There is something interesting going on with the asyncio stuff because it seems to think its querying ton more data than it actually is as well:

The first small line that is on there is doing a single query and it detected that it was getting 60k reads per second. The big boost at 1.5 million/sec is using async IO, the end result from both queries is 1 million records but its odd to see such a difference.
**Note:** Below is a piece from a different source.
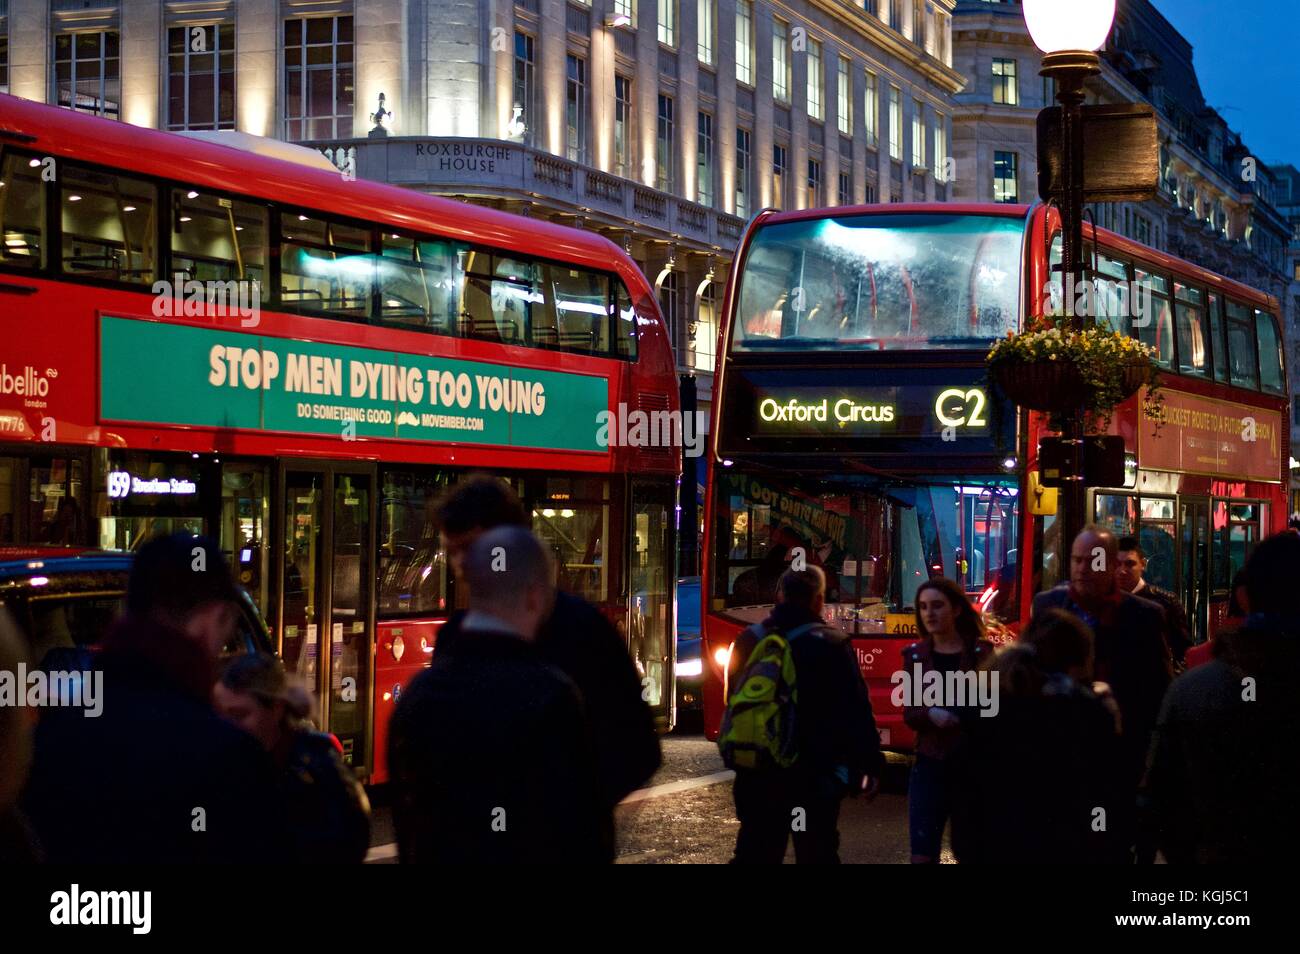 C2 bus jusqu'à Oxford circus derrière un autre bus avec le cancer de prostate annonce, Regent Street, London, UK, 2017 Banque D'Images

Especially since if it thinks its getting 1.5 million rows per second the whole thing should take 1 second not 12.

Here is the code:

import rethinkdb as r
import random
import rapidjson
import pytz
import time
import yappi
from datetime import datetime
from concurrent.futures import ThreadPoolExecutor, ProcessPoolExecutor
UTC = pytz.utc

YAPPI = False
DO_CREATE = False
DO_INSERTS = False
SERVER = "mt1-rethinkd1c1"
#SERVER = "localhost"
TABLE = "test5"

class RapidJsonDecoder(object):
    def __init__(self, reql_format_opts):
        pass

    def decode(self, s):
        return rapidjson.loads(s, precise_float=False)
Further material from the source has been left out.